(1.) THE Revenue has come forward with this appeal raising the following substantial question of law:- "Whether on the facts and in the circumstances of the case, the Tribunal was right in law in holding that the re-opening of assessment under section 147 was not proper and denial of exemption under Section 54 was bad for the assessment year 1995-96?"

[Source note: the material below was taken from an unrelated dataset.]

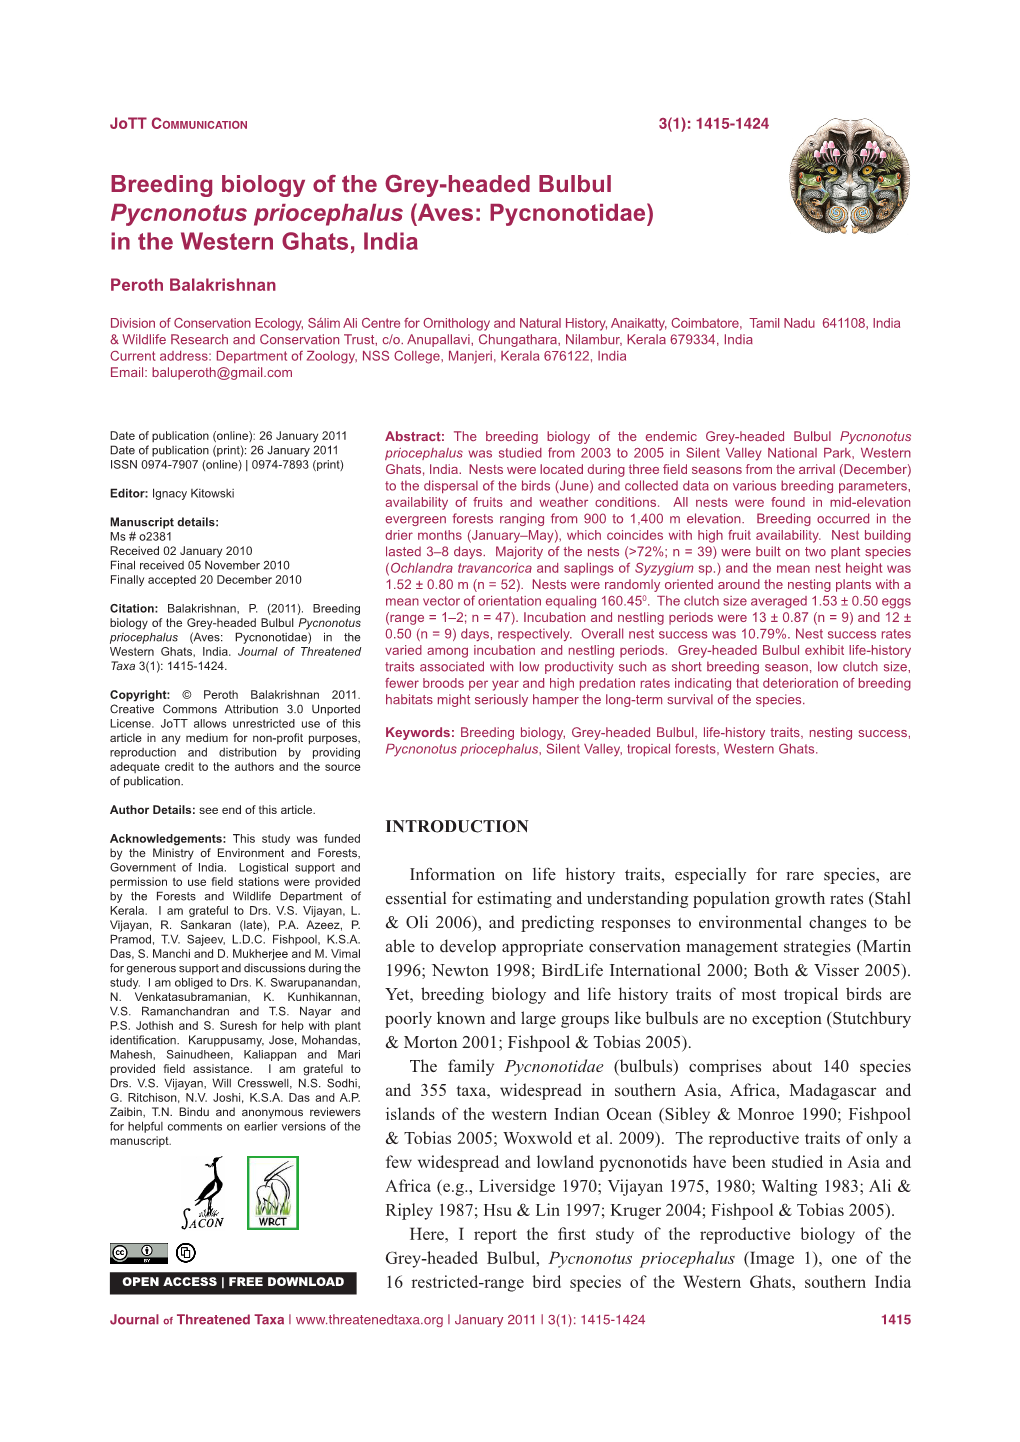 Breeding Biology of the Grey-Headed Bulbul Pycnonotus Priocephalus (Aves: Pycnonotidae) in the Western Ghats, India
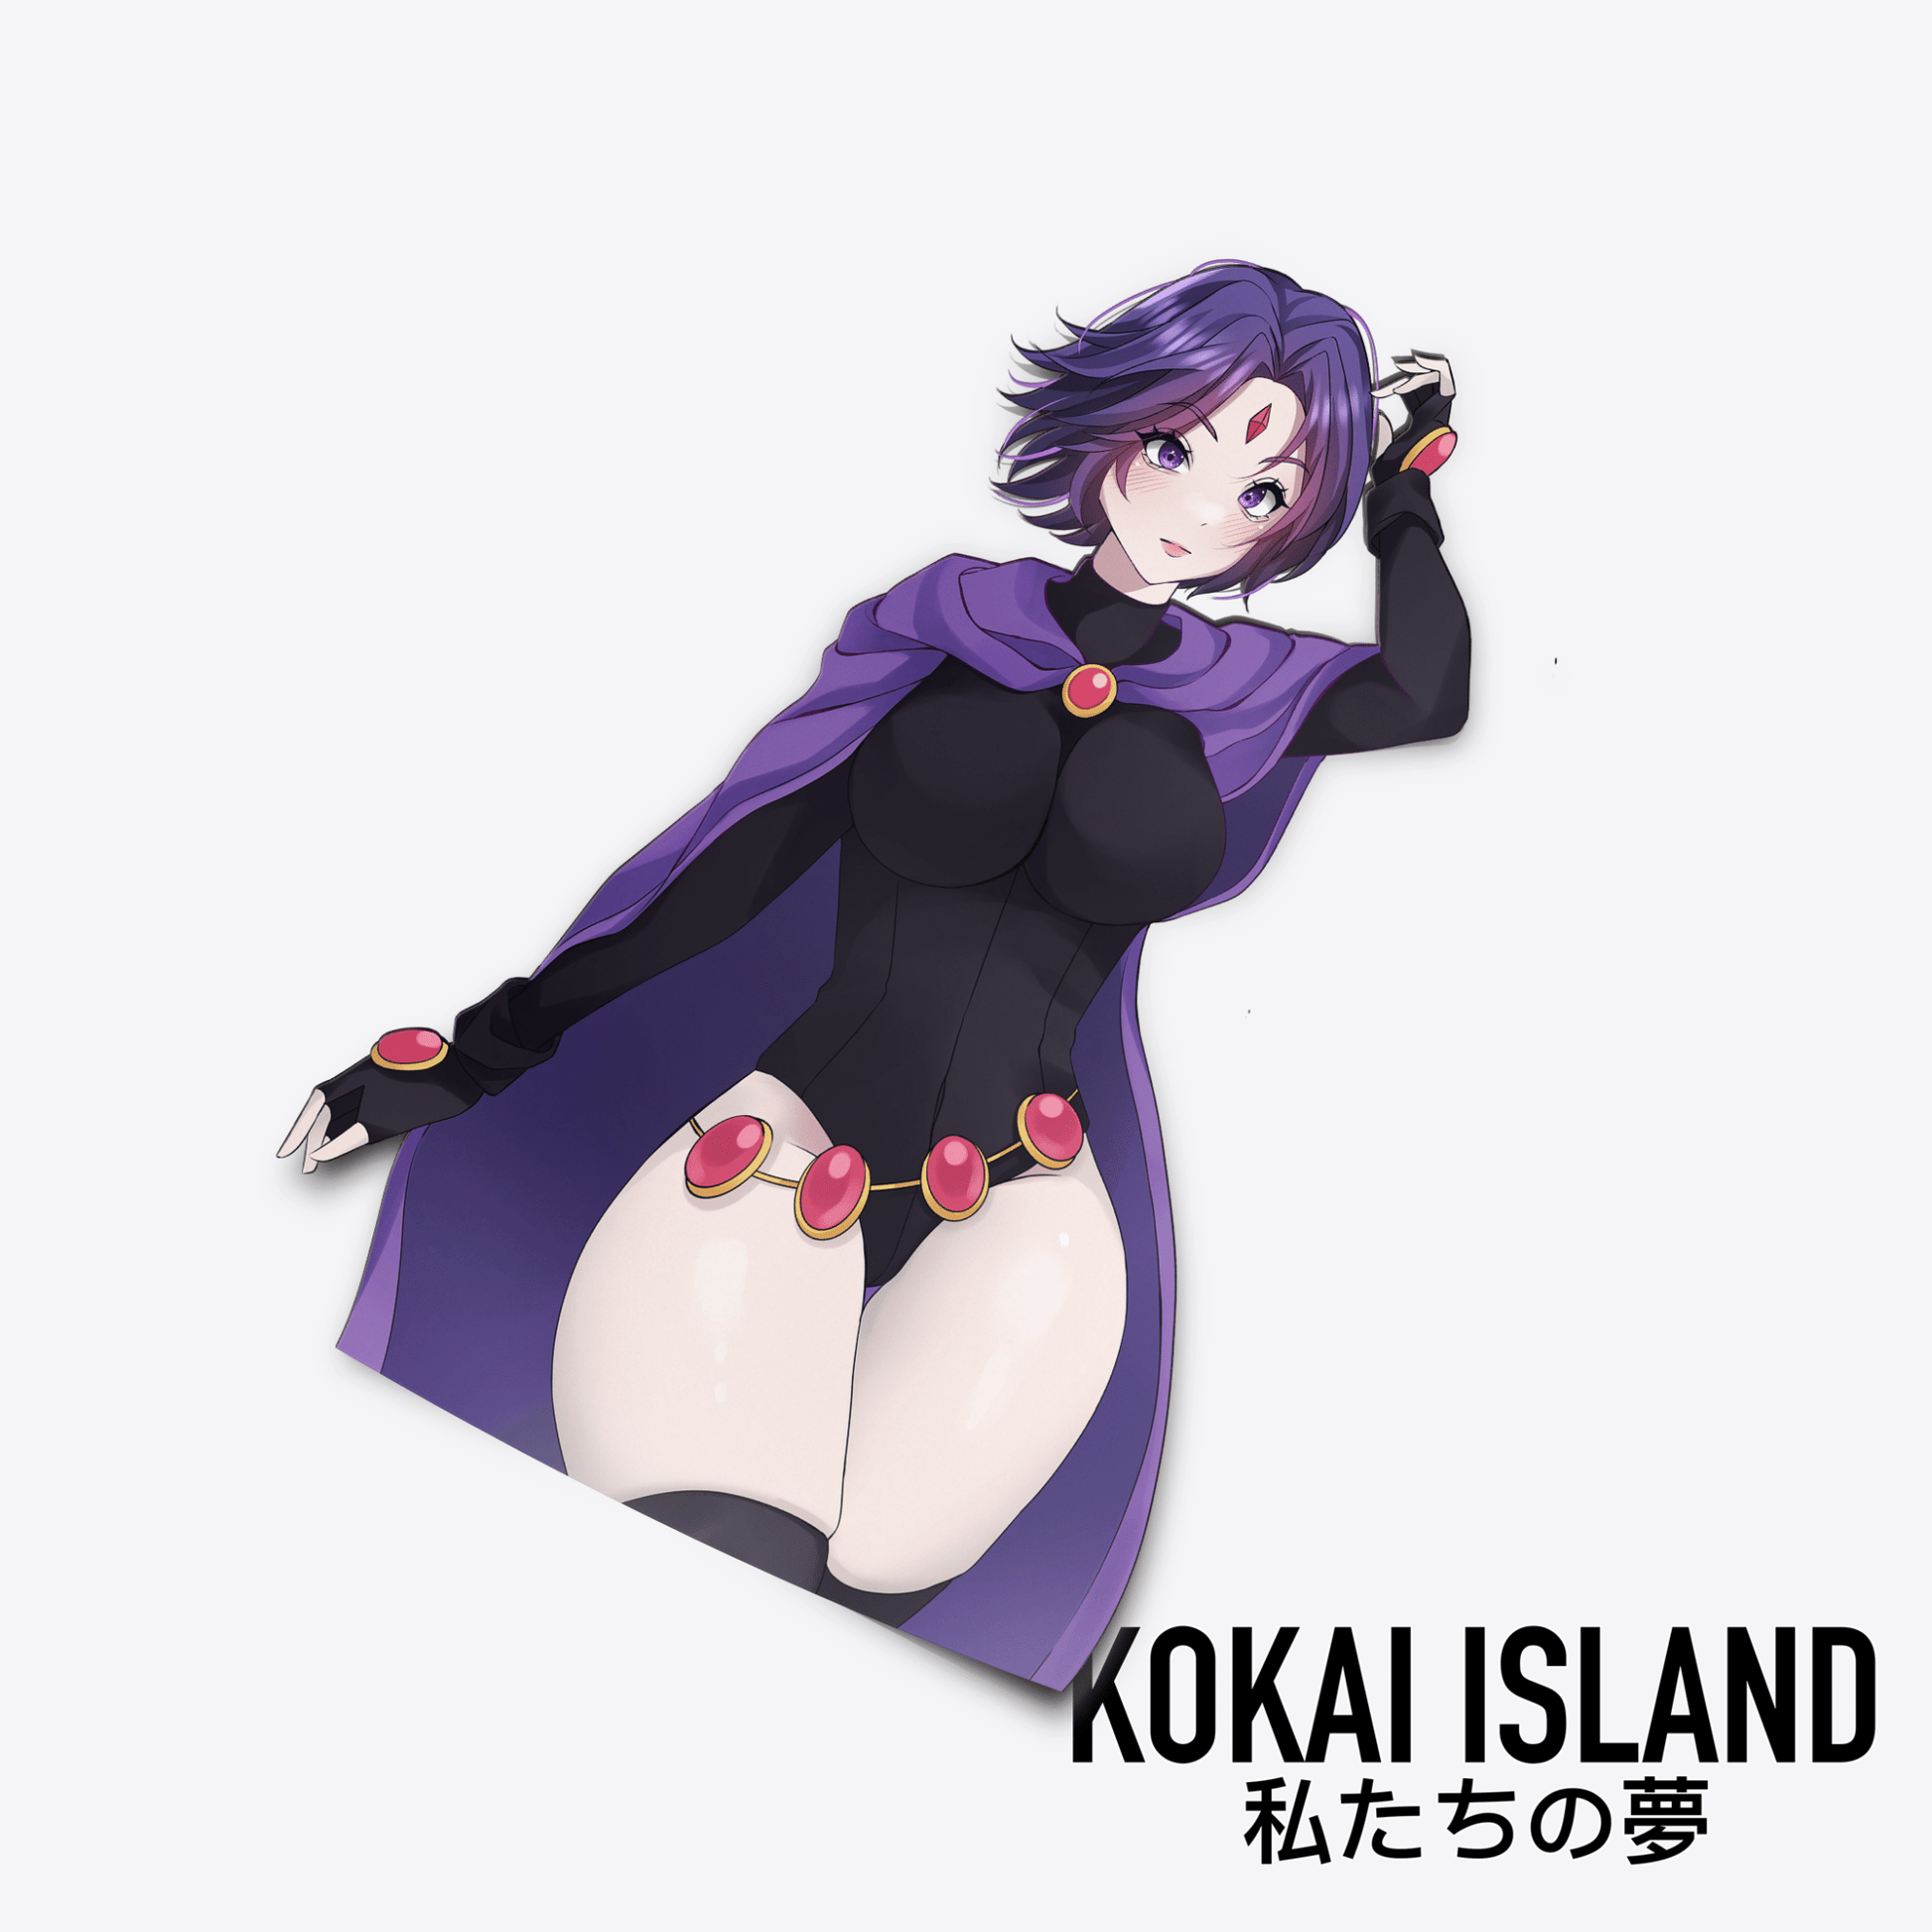 Raven DecalDecalKokai Island

(2.) AS it is seen from the order of the assessing Authority passed under Section 143(3) read with 147 of the Income-tax Act, 1961 (hereinafter referred to as "the Act"), the assessee's return for the assessment year 1995-96 was originally processed under Section 143(1)(a) of the Act on 23.9.1996. Subsequently, it was taken up for scrutiny under Section 143(3) of the Act. At that point of time, the sale of house property by the assessee for a consideration of Rs.18,00,000/- was very much known to the assessing Authority. The assessee admitted the capital gain of Rs.6,07,035/-.
(3.) IN this context, in the decision of the Honourable Supreme Court reported in (2003) 264 ITR 566 (Commissioner of INcome Tax v. Foramer France, the Supreme Court made it clear that when the reassessment notices were issued and when admittedly there is no failure on the part of the assessee, who disclosed fully and truly all the material facts for assessment, it can only be construed as change of opinion and that it will not come under the category of escapement of assessment.